The city once called Madras evokes memories of its stately monuments, soulful music and the lingering glow of Marina sunsets. Yet on this Madras Day, it is worth recalling a story less often told—how a Madras lawyer’s idea travelled to Delhi, rewired the Constitution, and still shapes some of the fiercest debates between the legislature and the judiciary.
In the early years after independence, few issues burned hotter than the demand to dismantle the zamindari system. Born of colonial land settlements, it left a small class of intermediaries holding vast tracts, while millions of cultivators tilled without ownership. The Congress had long promised its abolition, and state governments moved quickly to enact sweeping reform laws. These aimed not just to redistribute land but to reorder rural power structures, clearing the ground for a more egalitarian society.
The backlash was immediate. Zamindars and intermediaries challenged the reforms, and the courts—bound to interpret and apply constitutional provisions as they stood—arguably proved sympathetic. The Patna High Court, for instance, struck down the Bihar Land Reforms Act, 1950, holding it inconsistent with the right to property under what were then Articles 19(1)(f) and 31 of the Constitution (Kameshwar Singh, 1951).

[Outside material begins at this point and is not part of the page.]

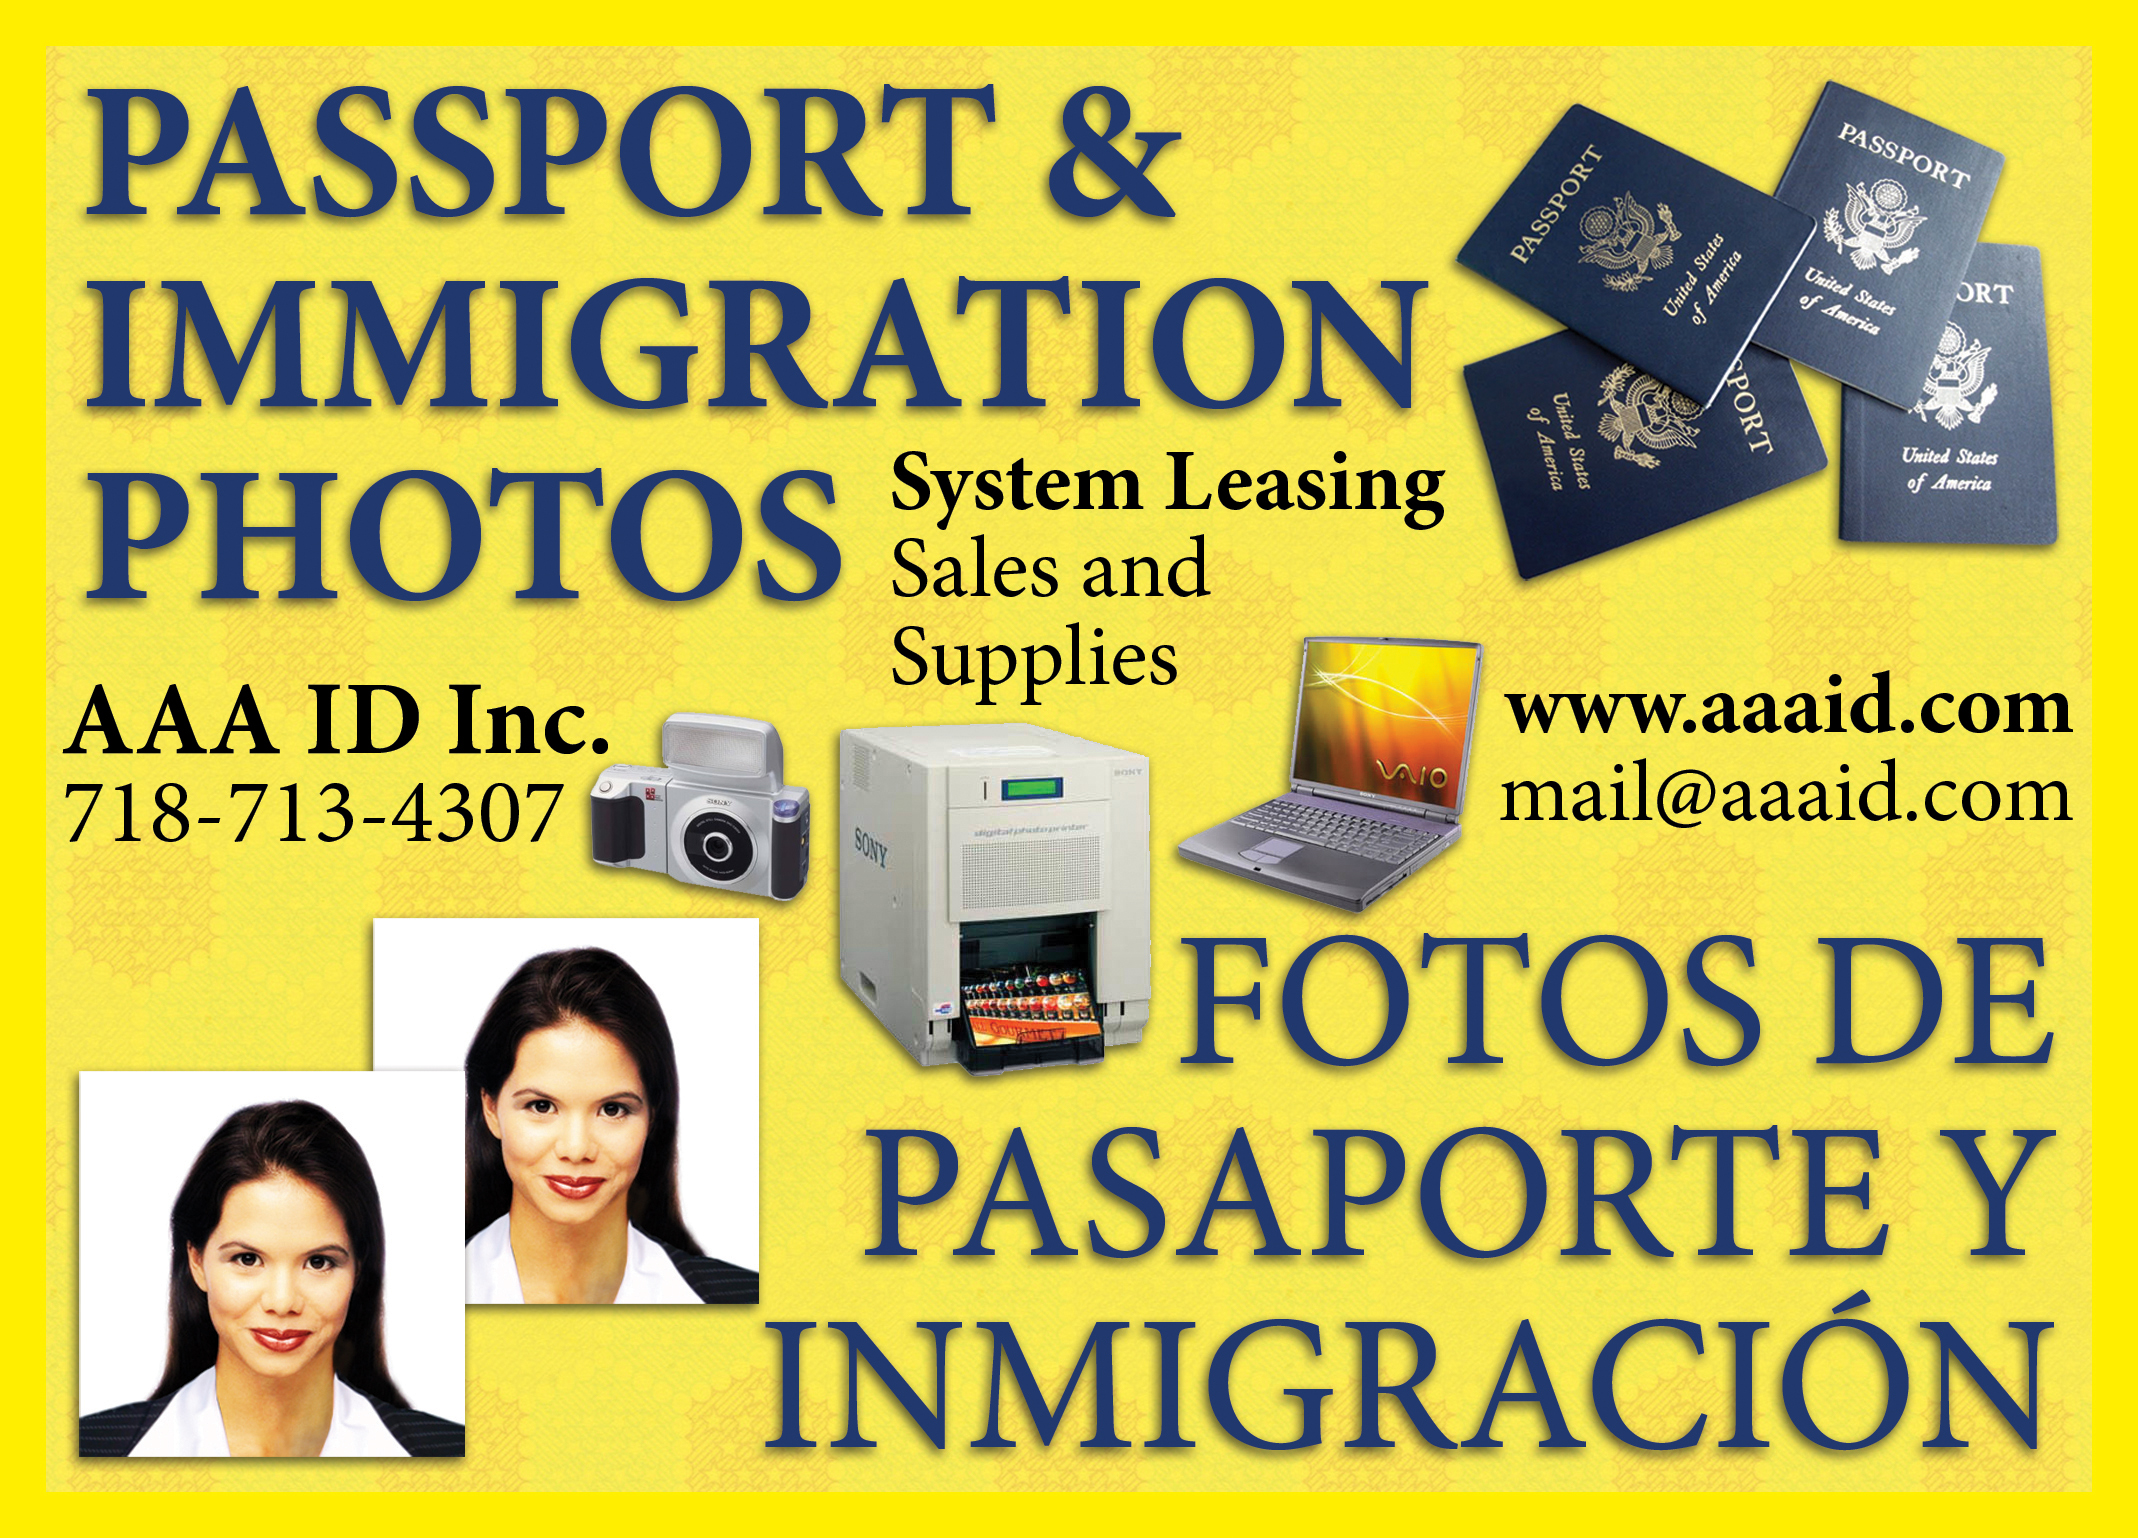 Passport & Immigration Photos
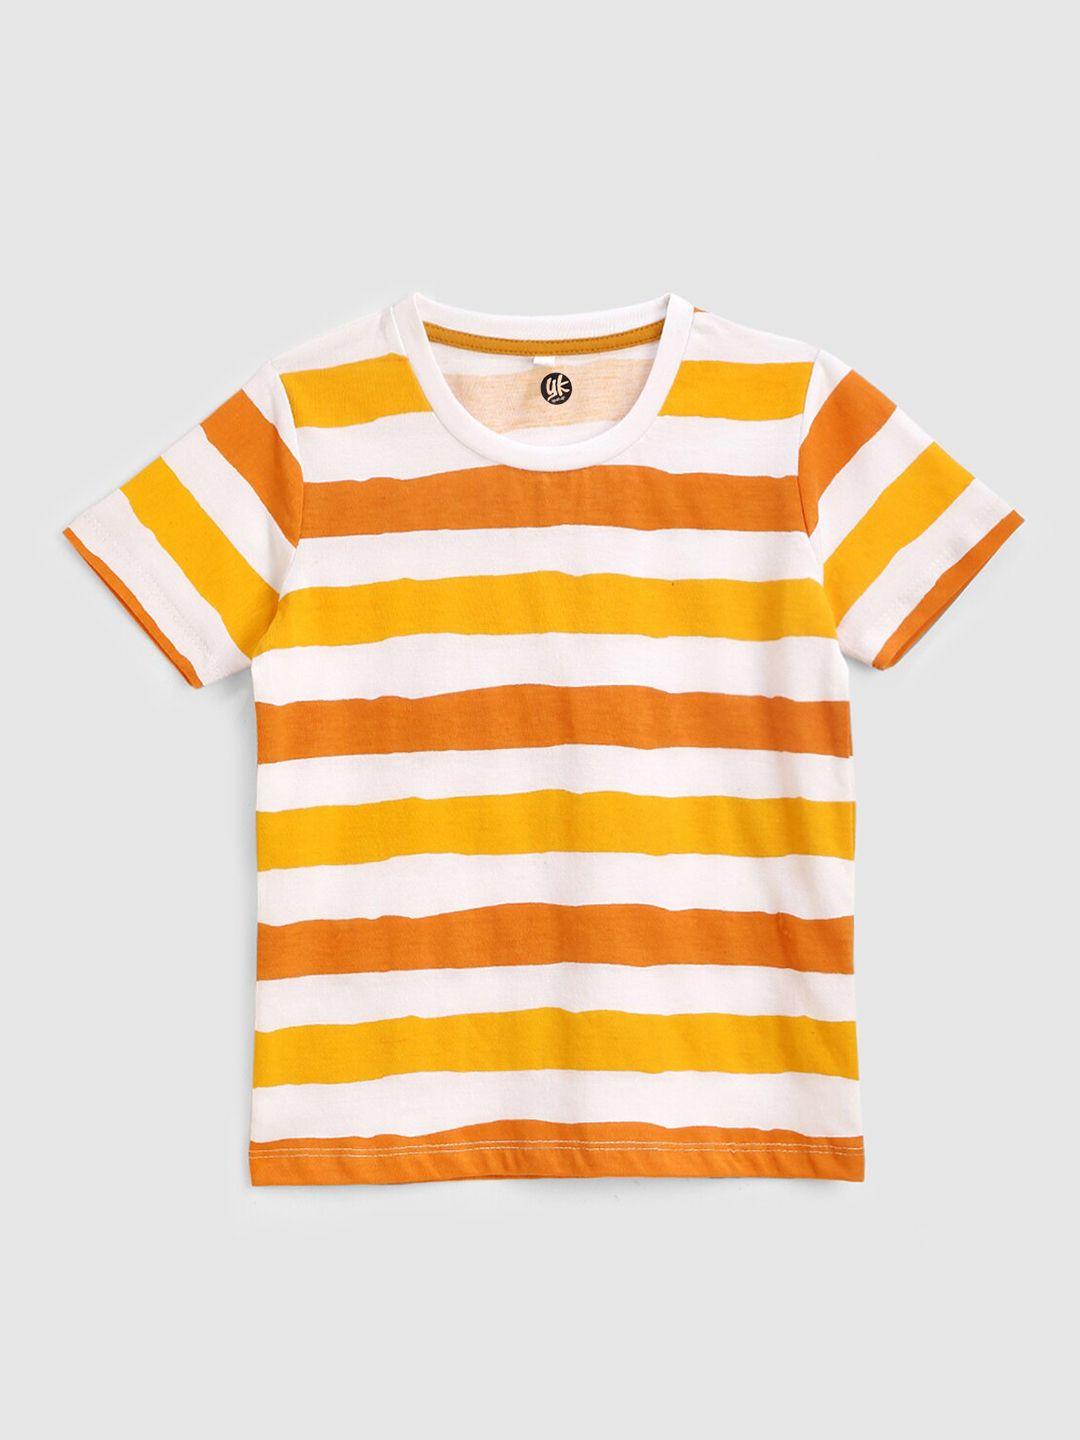 yk boys white & yellow striped running cotton t-shirt

This was no ordinary constitutional tussle. Land reform was a political promise with immense social stakes. Without it, economic inequality and feudal control would persist. But the rulings revealed a deep cleavage in the constitutional order—between the promise of individual rights on one side and the democratic mandate to dismantle centuries-old hierarchies on the other.
It was at this impasse that V K Thiruvenkatachari, the then advocate general of Madras state, wrote a letter to the Union law secretary proposing a constitutional innovation. His simple yet radical idea suggested the creation of a separate schedule to the Constitution where certain laws could be placed, shielding them from challenge under the Fundamental Rights chapter.
The plan took a two-pronged form. Article 31A would specifically protect land laws on agrarian reform and abolition of intermediaries from being struck down for violating rights such as those to property or equality. Article 31B went further—any law placed in a new Ninth Schedule would be completely beyond the courts’ reach. Parliament adopted this idea wholesale into the Constitution (First Amendment) Act, 1951, thus inaugurating Articles 31A, 31B and the Ninth Schedule.
As the American constitutional historian Granville Austin observed in Working a Democratic Constitution, this was an extraordinary assertion of parliament’s will to push social policy past the courts’ barricades—and a vivid example of the founding generation’s struggle to balance social revolution with constitutional restraint. Indian historian Tripurdaman Singh, in Sixteen Stormy Days: The Story of the First Amendment to the Constitution of India , calls the Ninth Schedule one of the most divisive elements of Nehru’s first constitutional amendment, a live test of how far a democracy could insulate bold policy from judicial review without corroding the very liberties it sought to uphold.
For decades, the arrangement held. In Sankari Prasad Singh Deo (1951), the Supreme Court upheld the Ninth Schedule’s immunity, effectively creating a political-judicial truce. Reformist laws could be protected from litigation, giving the legislature room to pursue a redistributive and regulatory agenda, while the court’s larger interpretive authority over the Constitution remained formally undisturbed. Through the 1950s and 60s, the Ninth Schedule became an impregnable vault for laws on land reforms, industrial regulation and social welfare.
But the balance shifted in the 1970s. In Kesavananda Bharati (1973), where a 13-judge bench articulated the now-foundational ‘basic structure’ doctrine, holding that parliament’s amending power under Article 368 could not be used to alter the Constitution’s essential framework. This principle eventually came home to the Ninth Schedule, most squarely in I R Coelho (2007), where the court ruled that post-1973 entries could be struck down if they violated the Constitution’s basic structure.
Thiruvenkatachari’s ‘impregnable armour’ now bore apertures: the shield still stood, but judicial review had found a way to penetrate its walls.
Today, the same questions that may have haunted the 1950s have returned. Legislatures still reach for the armour of insulation when passing contentious laws. The Maharashtra (Socially and Educationally Backward Classes) Act attempted to exceed the 50 percent reservation ceiling, only to be struck down in 2021. Expansive welfare schemes are ring-fenced to escape fiscal scrutiny. Most recently, the 103rd Constitutional Amendment creating the economically weaker sections quota was defended in Janhit Abhiyan(2022) partly on the claim that affirmative action must be shielded from judicial review.
The old dilemma refuses to die: does placing a law beyond review fortify the march of social justice, or does it erode the promise of equality, federalism and fundamental rights on which the Constitution stands?
As Justice Rohinton Nariman notes in The Basic Structure Doctrine: Protector of Constitutional Integrity, the survival of our constitutional order depends not on the absence of conflict between the legislature and the judiciary, but on the fidelity of each to the boundaries that the Constitution has drawn.
On this Madras Day, that is more than a legal truism—it is a tribute to a city whose legal imagination once bent the arch of India’s constitutional history, and a reminder that the spark lit by Thiruvenkatachari continues to illuminate India’s journey.